Journal Title:Journal of Clinical Investigation
Journal Abbreviation:J Clin Invest
Volume:124
Number:2
Page Range:696-711
Date:3 February 2014
Keywords:Anxiety, Brain, Cognition Disorders, Cytoplasm, Genotype, Glutamine, Glutathione Transferase, Glycine, Green Fluorescent Proteins, HEK293 Cells, Hippocampus, Homeostasis, Interneurons, Memory, Nerve Net, Neuronal Plasticity, Oscillometry, Parvalbumins, Phenotype, Glycine Receptors, Synaptic Transmission, Animals, Mice
Abstract:The mechanisms that regulate the strength of synaptic transmission and intrinsic neuronal excitability are well characterized; however, the mechanisms that promote disease-causing neural network dysfunction are poorly defined. We generated mice with targeted neuron type-specific expression of a gain-of-function variant of the neurotransmitter receptor for glycine (GlyR) that is found in hippocampectomies from patients with temporal lobe epilepsy. In this mouse model, targeted expression of gain-of-function GlyR in terminals of glutamatergic cells or in parvalbumin-positive interneurons persistently altered neural network excitability.

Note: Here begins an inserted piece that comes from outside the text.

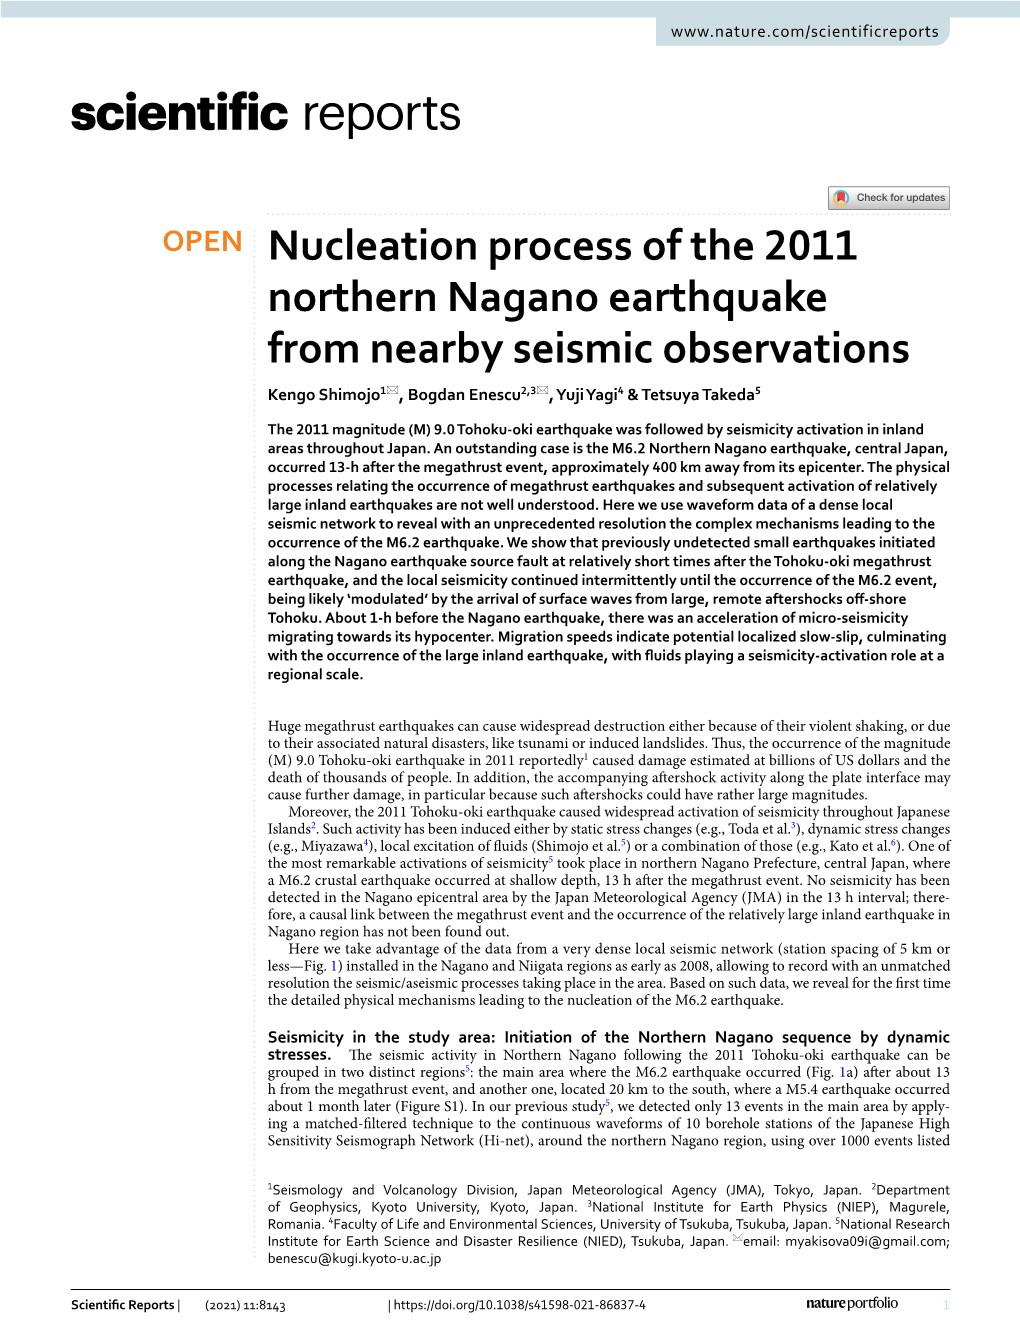 Nucleation Process of the 2011 Northern Nagano Earthquake from Nearby Seismic Observations Kengo Shimojo1*, Bogdan Enescu2,3*, Yuji Yagi4 & Tetsuya Takeda5
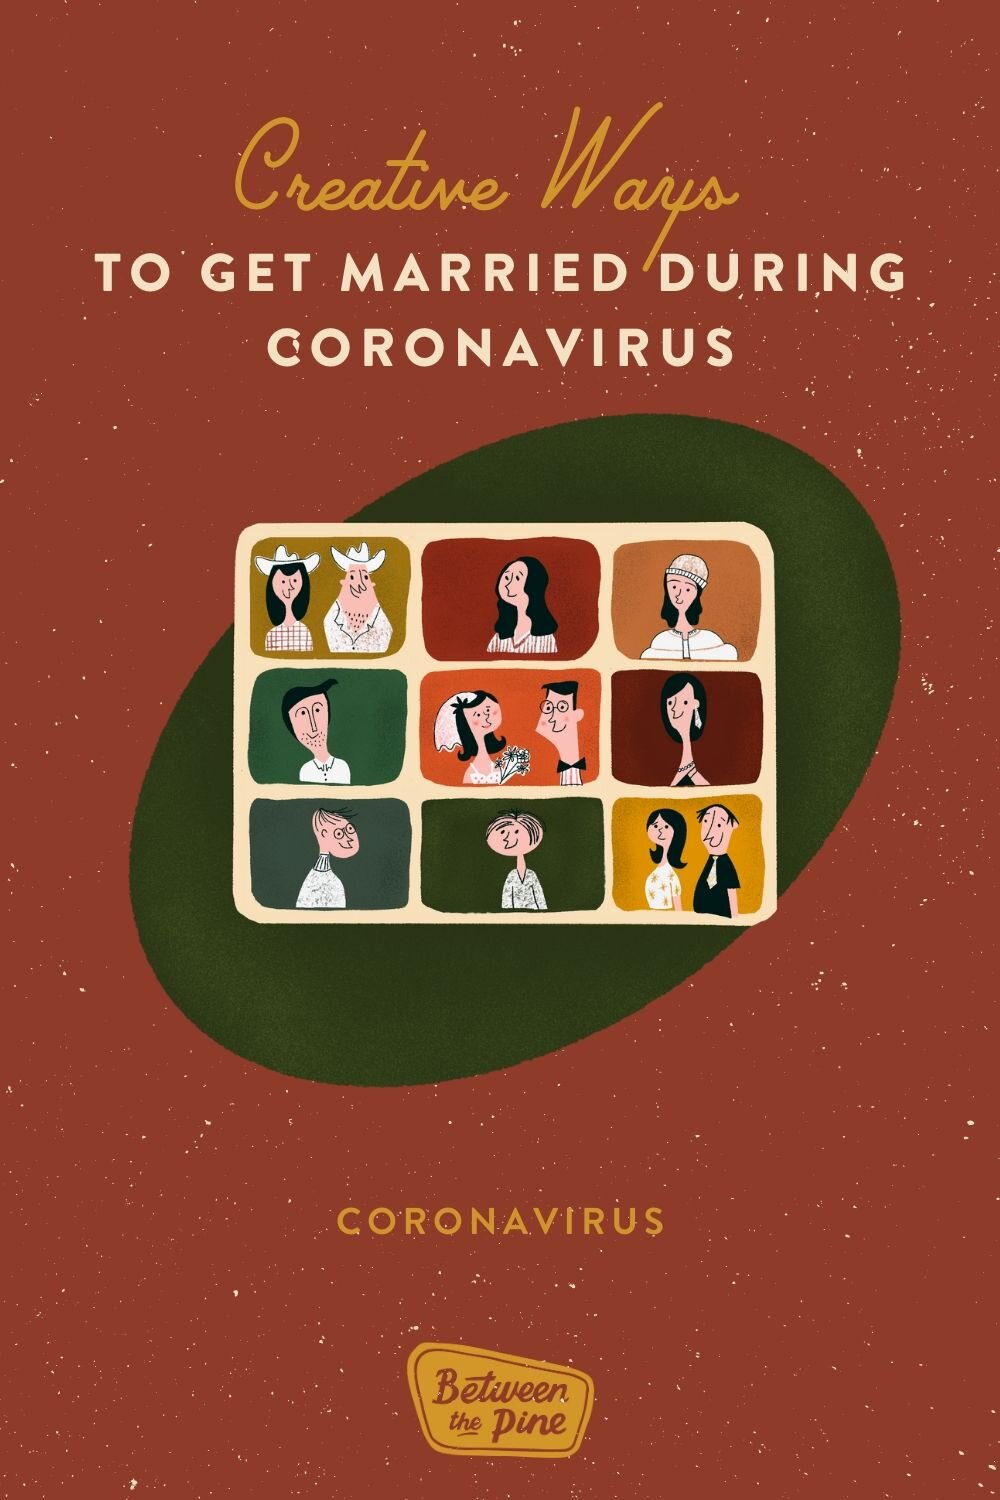 How to Elope during Coronavirus | Between the Pine Adventure Elopement Photography

The increased network excitability associated with gain-of-function GlyR expression in glutamatergic neurons resulted in recurrent epileptiform discharge, which provoked cognitive dysfunction and memory deficits without affecting bidirectional synaptic plasticity. In contrast, decreased network excitability due to gain-of-function GlyR expression in parvalbumin-positive interneurons resulted in an anxiety phenotype, but did not affect cognitive performance or discriminative associative memory. Our animal model unveils neuron type-specific effects on cognition, formation of discriminative associative memory, and emotional behavior in vivo. Furthermore, our data identify a presynaptic disease-causing molecular mechanism that impairs homeostatic regulation of neural network excitability and triggers neuropsychiatric symptoms.
ISSN:0021-9738
Publisher:American Society for Clinical Investigation (U.S.A.)